Biofeedback has been used with all of these disorders in the past.  With most biofeedback a person sees a computer screen that gives them a simple form of feedback.  As they warm their fingers, or pump more blood into their fingers, a line or a bar on a computer screen goes up.  If their fingers cool, or the blood volume per pulse decreases, the line or bar goes down.  The brain then uses this extra information to get some control over these processes.

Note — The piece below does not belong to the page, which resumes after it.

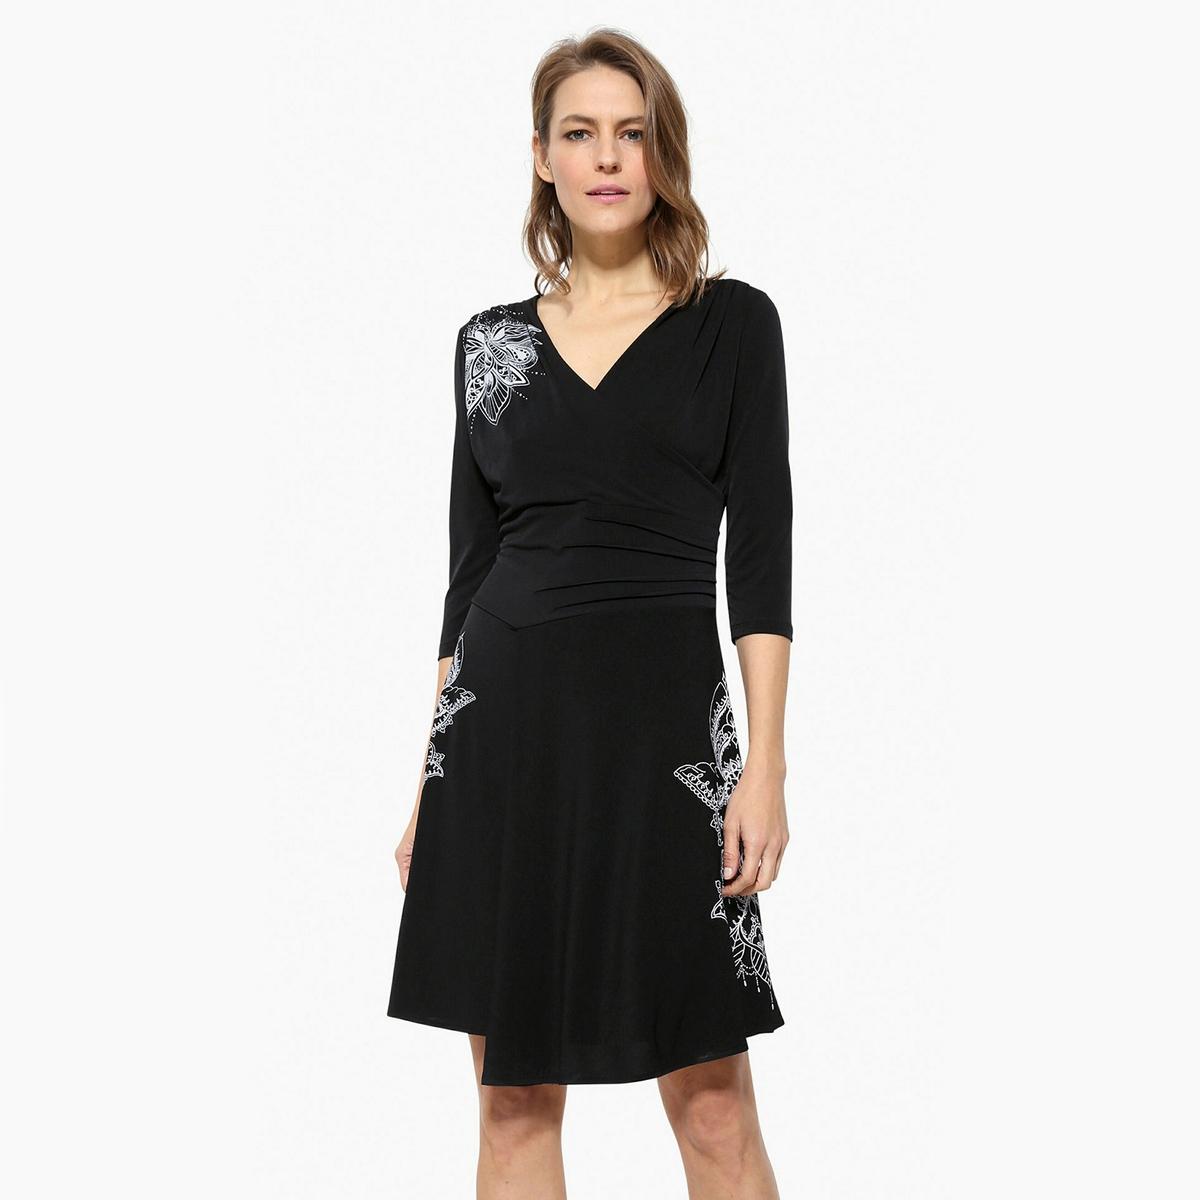 Платье короткое расклешенное с графичным рисункомДетали •  Форма : расклешенная •  Укороченная модель •  Рукава 3/4    •  Круглый вырез  •  Графичный рисунокСостав и уход •  96% вискозы, 4% эластана •  Следуйте рекомендациям по уходу, указанным на этикетке изделия<br><br>Цвет: черный<br>Размер: XL

Will virtual reality improve your ability to get these functions under conscious control?  Studies are underway at the Eastern Virginia Medical School and the University of Virginia to determine whether such advanced biofeedback is more helpful than traditional biofeedback in a clinical setting.  In these studies persons with diabetes and other blood flow disorders are learning to increase blood flow to their finger tips.  

Pope worked with Kurt Severance to base the device on NASA's "artificial vision" technology that allows pilots to see a virtual view of what should be outside the cockpit no matter what the actual visibility conditions are.  Just as pilots view an artificial picture of the real world outside, patients view an artificial picture of the real world inside.  Sensors attached to your fingers measure the volume of blood pumping through your fingers with each pulse and the temperature of your fingers.  A computer translates this data into a 3-dimensional representation of red and blue blood vessels that changes size and shape as you manipulate your own blood vessels. 

Researchers are optimistic that virtual reality technology will prove to be more easily learned and motivating for patients. The hope is that it will be more effective in teaching these skills by helping patients visualize real-time physiological responses. Expect to see commercial versions of this technology in a few years if research results are positive.